If the preceding methods do not work, try the following:

  • If you get the message that says the volume could not be ejected (or put away) because the volume is in use, some document or application on the volume is open. Thus, the fix is to close the open file. For a document, you may have to quit its application entirely, not just close the file.

  • If you get this message when all files on the volume are closed, just try to unmount the volume again. It will usually succeed.

    Figure 6.37Figure 6.37 The "in use" error message that appears when you're attempting to unmount a volume with an active process on it.

  • For volumes that still will not unmount, log out and log back in. This technique almost always fixes the problem.

  • If a disc is stuck in a drive, you may be able to eject it manually, typically by inserting an unbent paper clip into a hole located near the drive opening. Check with Apple or the vendor of the drive for specifics.

Problems with copy-protected audio CDs. In recent months, audio CD manufacturers have begun to release copy-protected CDs. These CDs typically have a sticker on them that reads: "Will not play on PC/Mac." Indeed, they will not. Even worse, the CD may get stuck in your drive, refusing to eject when you press the Eject button. If this happens, try the procedures described in this section. Especially try (a) holding down the mouse button at startup; (b) using the manual eject hole (if one exists on your Mac); or (3) typing eject cd in Open Firmware at startup. If none of these fixes work, you should probably bring the Mac to a service representative to get the CD removed. However, Mac users have found ways to get a CD tray to open manually despite the lack of any obvious manual eject hole on some Macs, especially the flat-panel iMac. Check sites such as MacFixIt ( for the latest suggestions.

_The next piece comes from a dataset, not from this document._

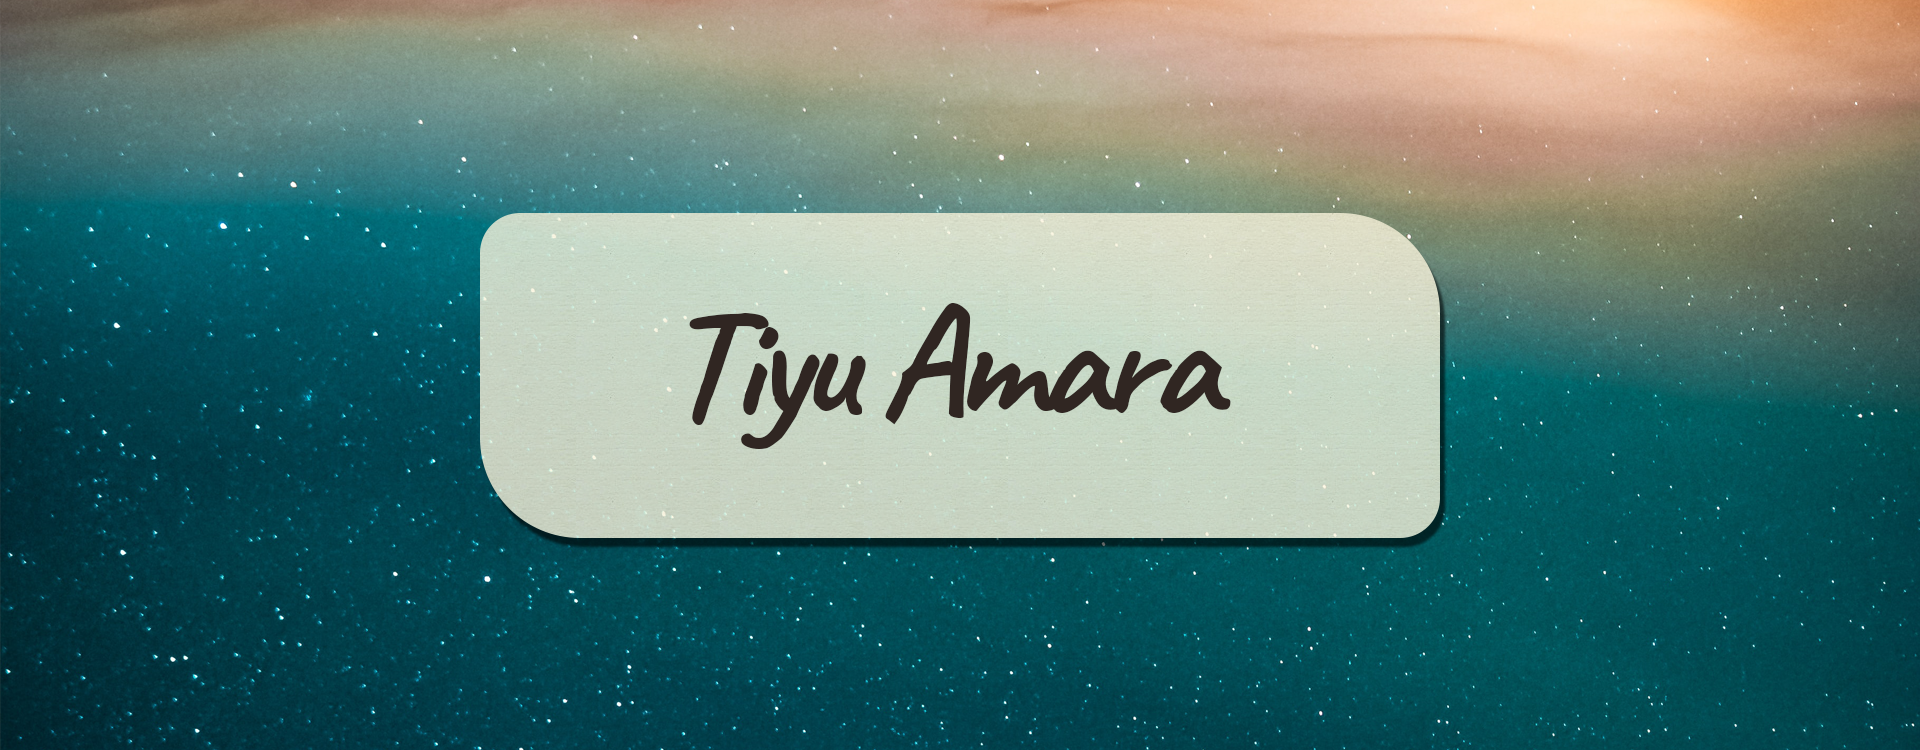 Tiyu Amara world cover

How to remount a volume. Occasionally, the opposite issue may arise; you may unmount a volume that you did not intend to unmount. For removable media or remote volumes, the solution is simple: Reinsert the media or reconnect to the server. But what if you have a hard drive (especially a multiple-partition one), and you unmount a partition by mistake? (Typically, if you unmount one partition, you unmount all of them, unless one is the startup partition.) To get the volume back on the Desktop, follow these steps:

  1. Launch Disk Utility.

  2. Click the disclosure triangle to the left of the hard-drive icon to display the names of your hard-disk volumes and partitions.

  3. Select a partition from the volume you want to remount.

  4. Choose Mount from the Options menu.